Встречать я поехал с приятелем. В толпе, сходящей на берег, я
не сразу узнал Таню: загорелая, волосы выгорели, вызывающая ревность
тем, что эти изменения произошли с ней в мое отсутствие. Она не
спеша, подошла ко мне, обняла, но так, что я даже слегка растерялся:
объятия получились серьезнее, чем просто порыв тела к другому
телу.
Сзади нее чуть в стороне стояла тетка. Судя по умильной улыбке
на ее лице, я оправдал ее ожидания. К сожалению, мне она не понравилась:
вздернутый нос, очки, неправильные черты лица – именно такой внешностью
обычно наделяют героинь, которых за ум и доброту настигает заслуженное
счастье. Кстати, я всегда нравился таким умным дурнушкам. Видимо,
их привлекало во мне и то, что отвечало их романтическим порывам,
и моя плотская бесцеремонность.
Тетка собиралась сразу же возвращаться назад, но Таня уговорила
ее остаться с нами до вечера, намекая на то, что так неожиданно
здорово образовалась вторая пара. У тетки в то время никого не
было (может, вообще никого не было, дышала тем, что создавали
вокруг Тани ее воздыхатели). Я заметил, как мой приятель скривил
кислую физиономию, но компанию поддержал. Надо отдать должное
тетке, ее совсем не тронуло, что она не понравилась приятелю.

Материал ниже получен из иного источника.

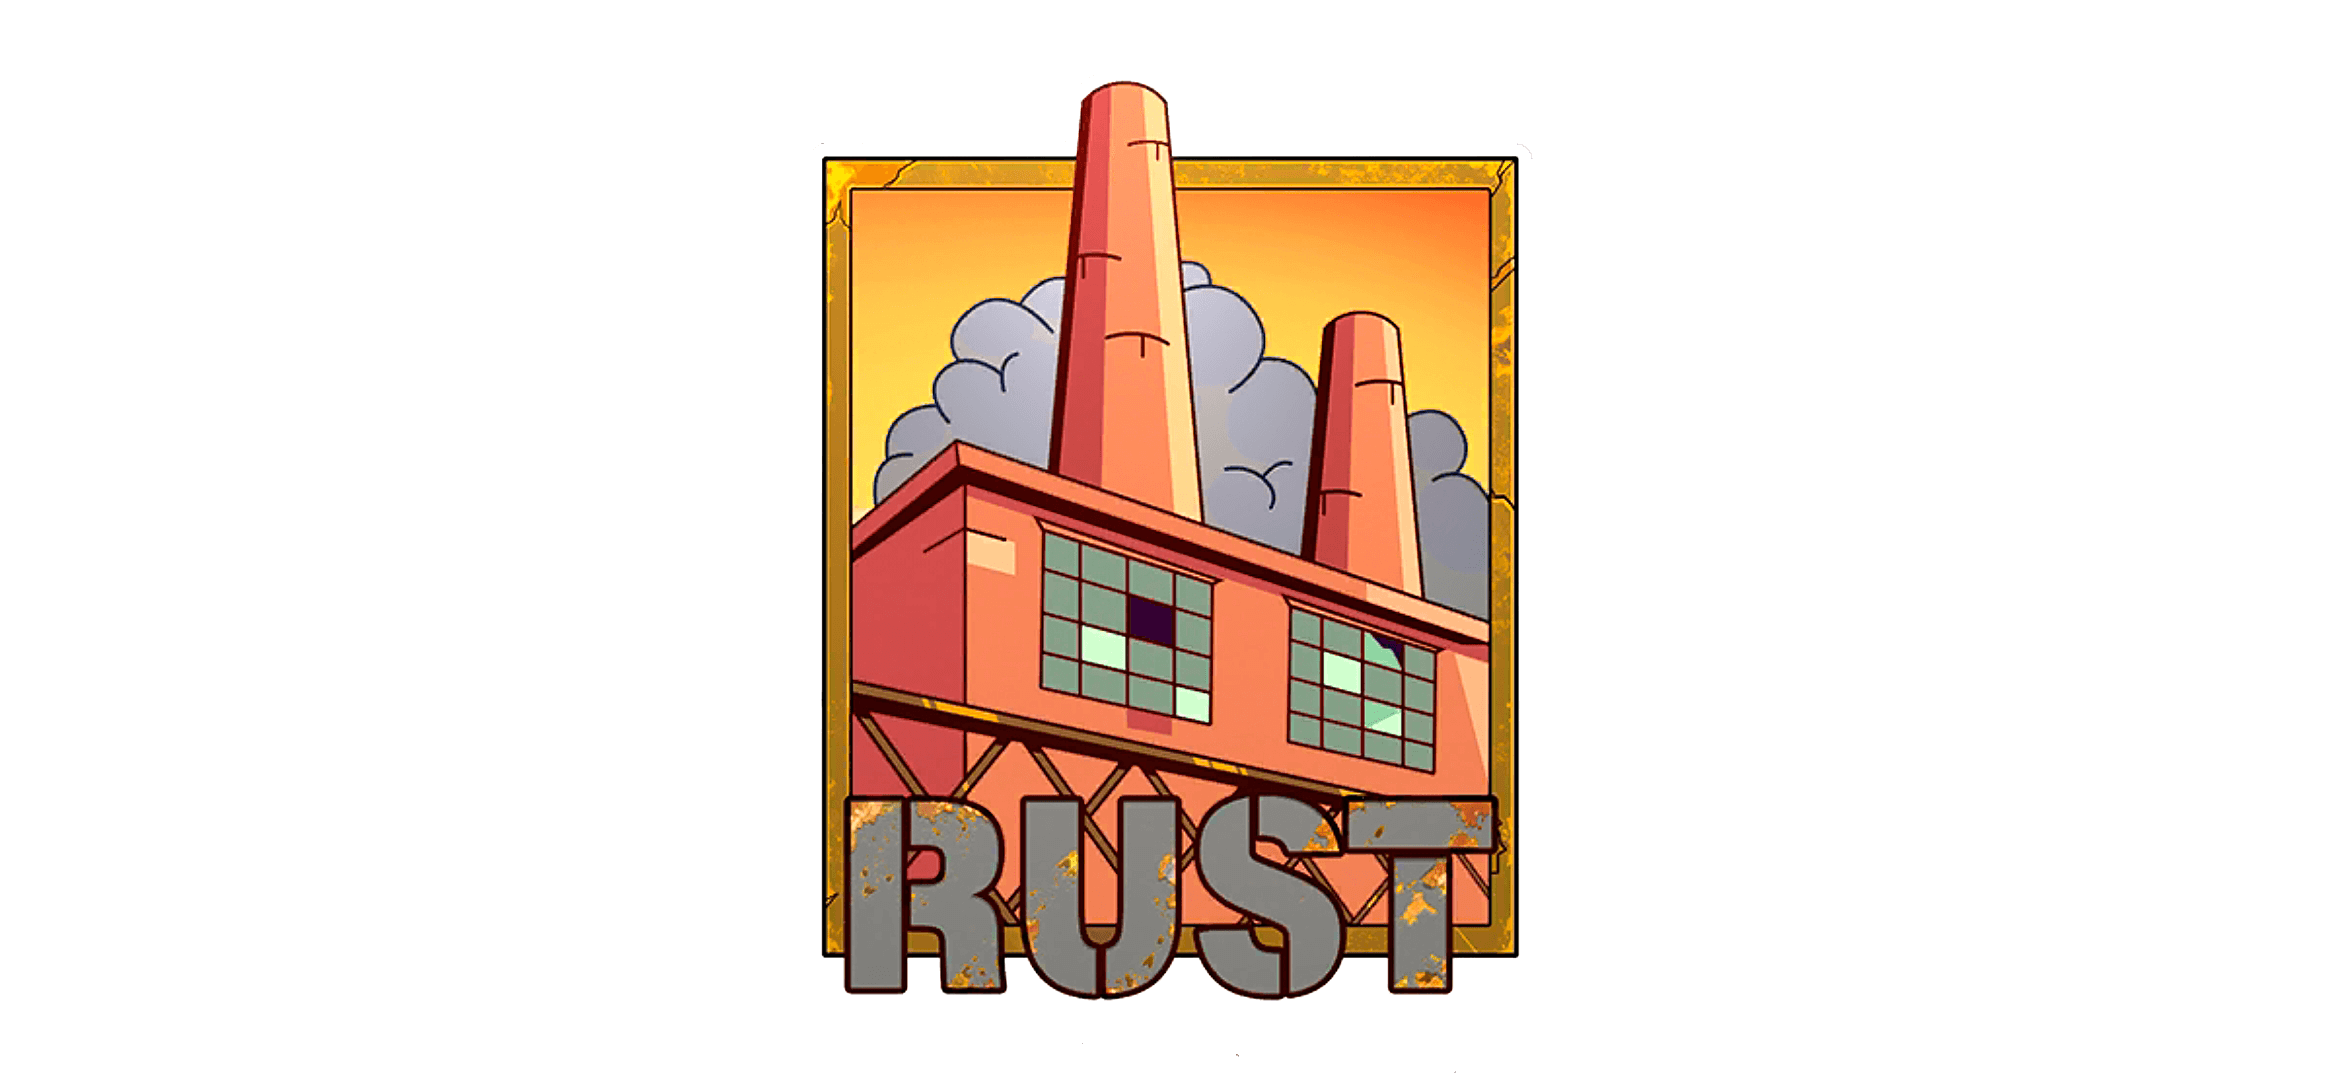 Rust can kill you фото 110

Видимо, в моем лице она получила собеседника, исчерпывающего ее
интеллектуальные потребности, и основательно насела на меня. Откровенно
говоря, бесцельно беседовать с начитанными девушками мне не очень
интересно, но мне не хотелось терять расположения тетки, и фактически
целый день мы общались вдвоем. Таню это радовало, потому что меня
признал близкий ей человек, а моего приятеля – потому что ему
было лестно прохаживаться по набережной под ручку с такой девушкой,
как Таня.
Потом, наконец, мы добрались с Таней до нашей болтающейся кровати,
и она убеждала меня, что «ничего такого» Леше не позволила, а
я честно пытался представить себе ситуацию, когда молодые муж
и жена две недели находятся под одной крышей, скорее всего, в
одной простели, и между ними «ничего такого» не происходит. «Он
уже давно уехал», – сказала Таня, и мне вдруг стало жалко их обоих.
Таню – из-за того, что знаю, какое чудовище она предпочла «хорошему
парню»; Лешу – потому, что представил, каково ему находится среди
родственников своей любимой жены... женщины, которые молча наблюдают,
как она избегает его, а, может, знают кое-что такое, о чем он
догадывается, но о чем никто ему никогда не скажет, что совсем
гнусно. Вдобавок он уезжает, а так хотелось провести первый раз
в жизни вместе вдали от опостылевших взрослых... и, вообще, столько
намечено прекрасных планов на долгую жизнь! «И он знает, что ты
со мной?» – спросил я. Таня подумала и сказала: «На нем и так
лица не было».
В последний день мы наметили пойти в ресторан. (Рассказывать о
Сочи или о подробностях пребывания в нем нет смысла, потому что
само слово «Сочи» рождает исчерпывающие представления о городе
даже у тех, кто там не был; как «имя великого русского поэта»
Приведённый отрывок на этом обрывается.